When most people think of pollen, they immediately think of allergies, yet pollen actually serves an important purpose in maintaining a healthy ecosystem. For a plant to generate fruit and seed, pollen must move from the anther of the same or another flower to the stigma. Although some plants may spread their pollen by themselves or with the help of the wind, most flowering plants require the assistance of an animal – like a bee, for example – to successfully transfer their pollen from one flower to another. Read on for some more interesting facts about pollen.

Pollen Is Yellow

Pollen is almost always yellow, no matter what flower it comes from. (When it rains on your car or house, you can see it.) This is because of a chemical called flavonoids.

Flavonoids are also what give many citrus fruits their bright yellow and orange colors. These flavonoids have a protective effect on the plant’s DNA and keep it from changing. As for why pollen is yellow, it’s most likely so that pollinators like bees can easily see it.

Pollen Can Cause An Allergic Reaction – But Not Always

People with “hay fever” are allergic to pollen, but not all pollen makes them sick. The tiny pieces of pollen that do have a protein that makes people sick are called allergens. When they get into the respiratory system, B cells of the immune system make antibodies to attack.

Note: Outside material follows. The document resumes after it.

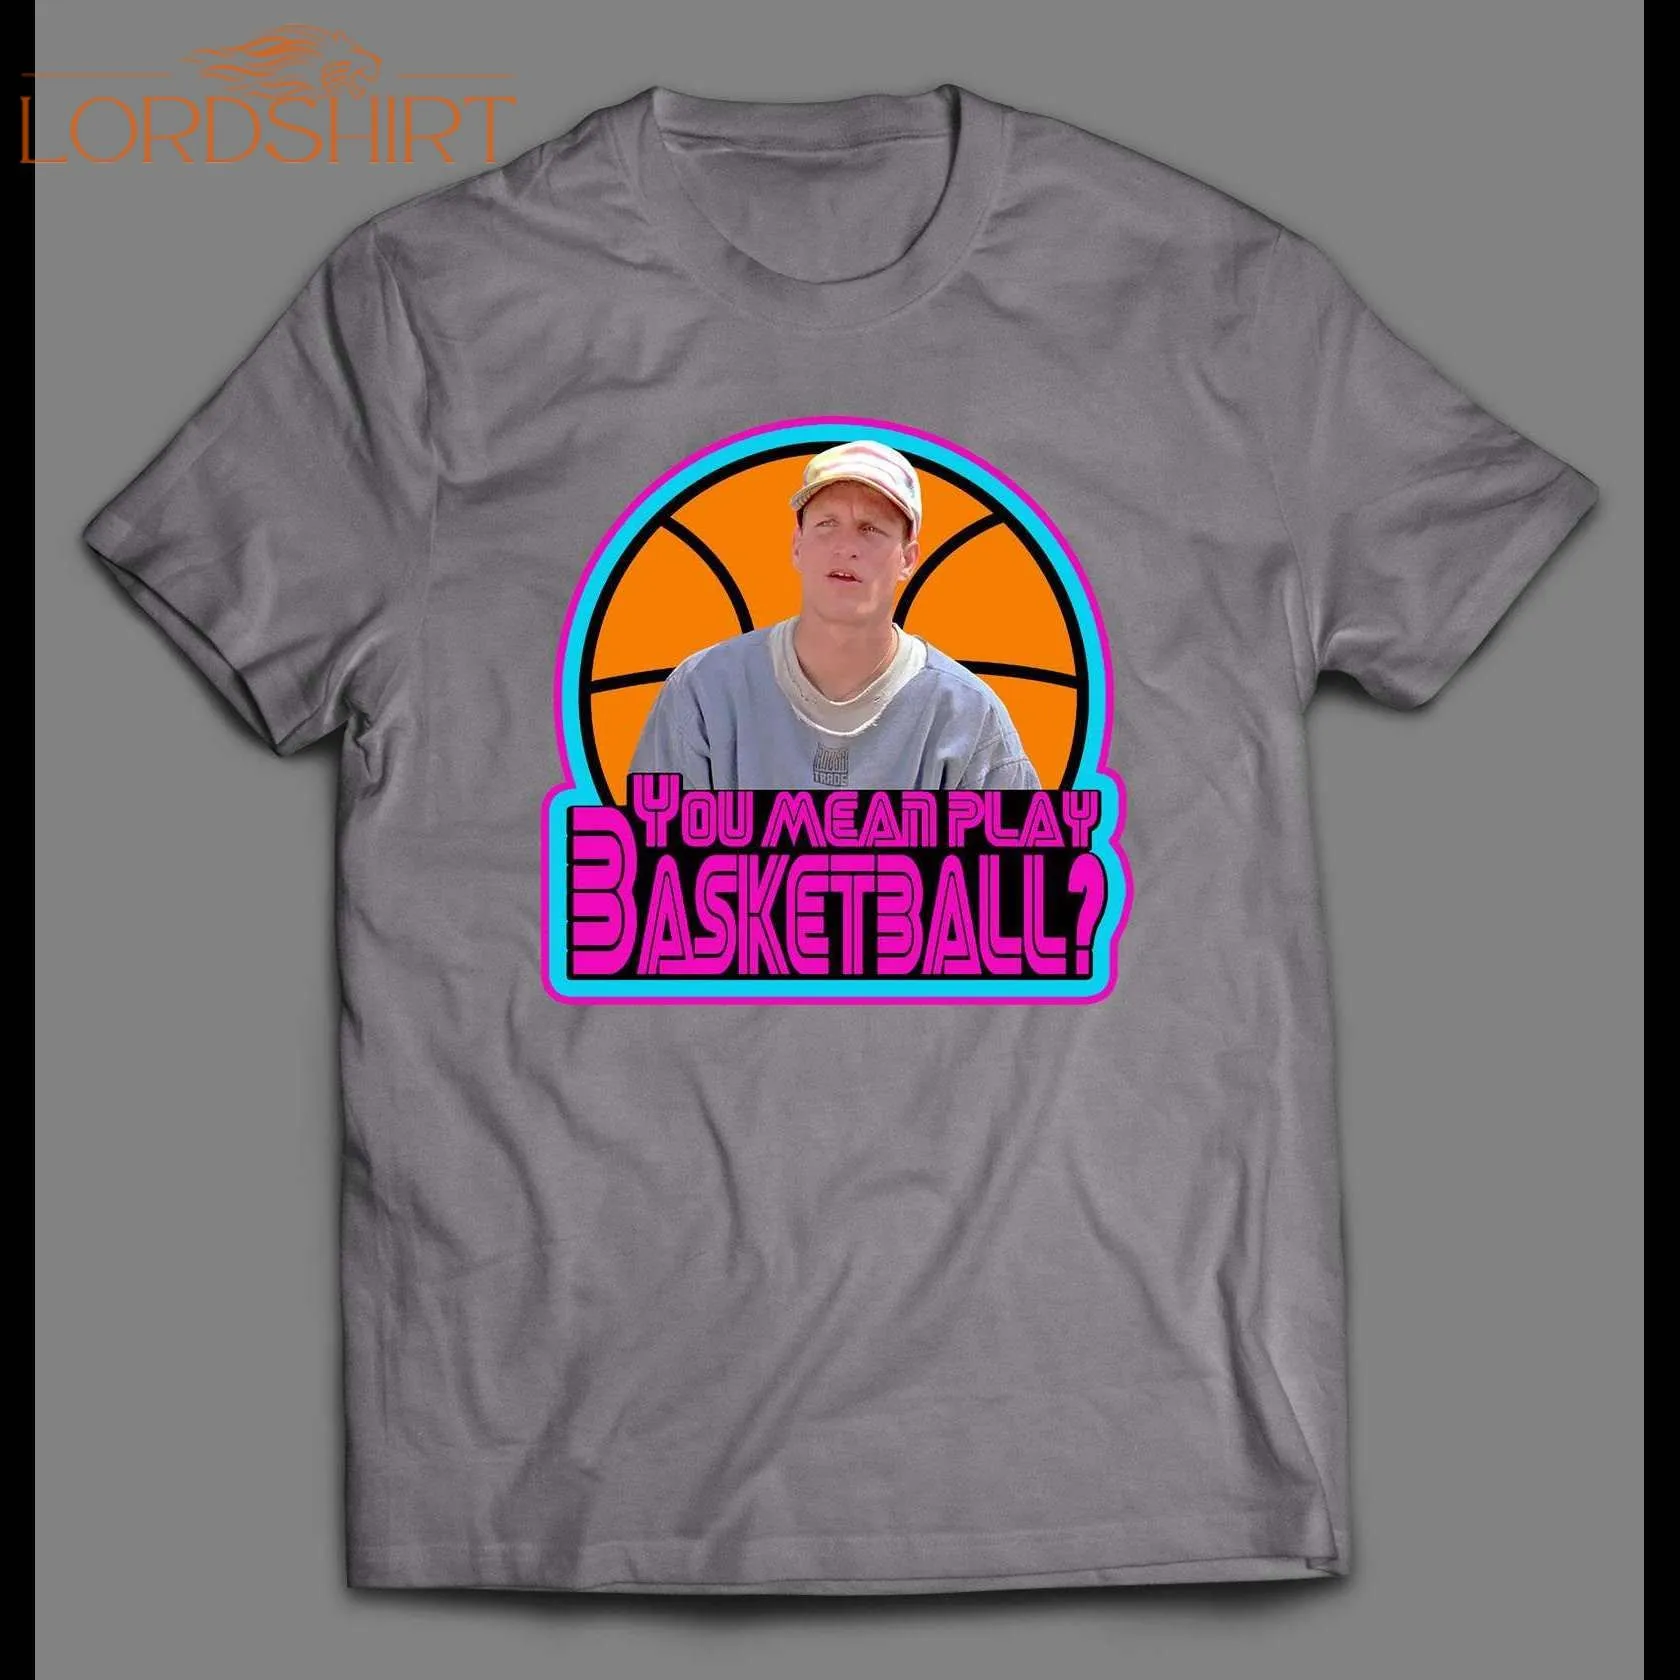 White Men Can't Jump Billy Hoyle You Mean Play Basketball Shirt

This overproduction also causes white blood cells to release histamines, which cause blood vessels to widen and cause stuffy noses and swollen eyes.

You Can Press Pollen

Using a pollen press, you can turn pollen – and other substances – into ‘coins’ or ‘pellets’. Despite how delicate pollen is initially, once you use a good press, like a rosin press, for example, you can end up with a solid brick of pollen that can then be used for anything you want, from smoking to cooking. Once pressed, pollen is extremely versatile; read more in the next point.

Pollen Is Edible

Both pollinating and non-pollinating animals will eat pollen, and they are known as palynivores. Of course, bees ingest pollen, but so do many other insects. Even spiders, which are more commonly associated with being carnivorous, have been seen consuming pollen that has become stuck in their webs.

Besides being eaten as a supplement, pollen is employed in a wide variety of foods because of the widespread belief that it contains significant nutritional value for humans.

Beekeepers will often place “pollen traps” on their hives to harvest pollen by capturing and removing the pollen off the worker bees as they enter the hive.

Humans also harvest pollen from cattails and pine trees, both of which rely on the wind for reproduction. Pine pollen is used in a variety of Korean desserts, such as dasik, for example.

When Was the Word Pollen First Used?

Carolus Linnaeus, the inventor of the modern system of natural classification (or taxonomy), is credited with being the first scientist to use the term “pollen” in a scientific context in the 18th century. He coined the term, derived from the Latin for “fine powder,” to refer to the small particles of genetic material released by plants.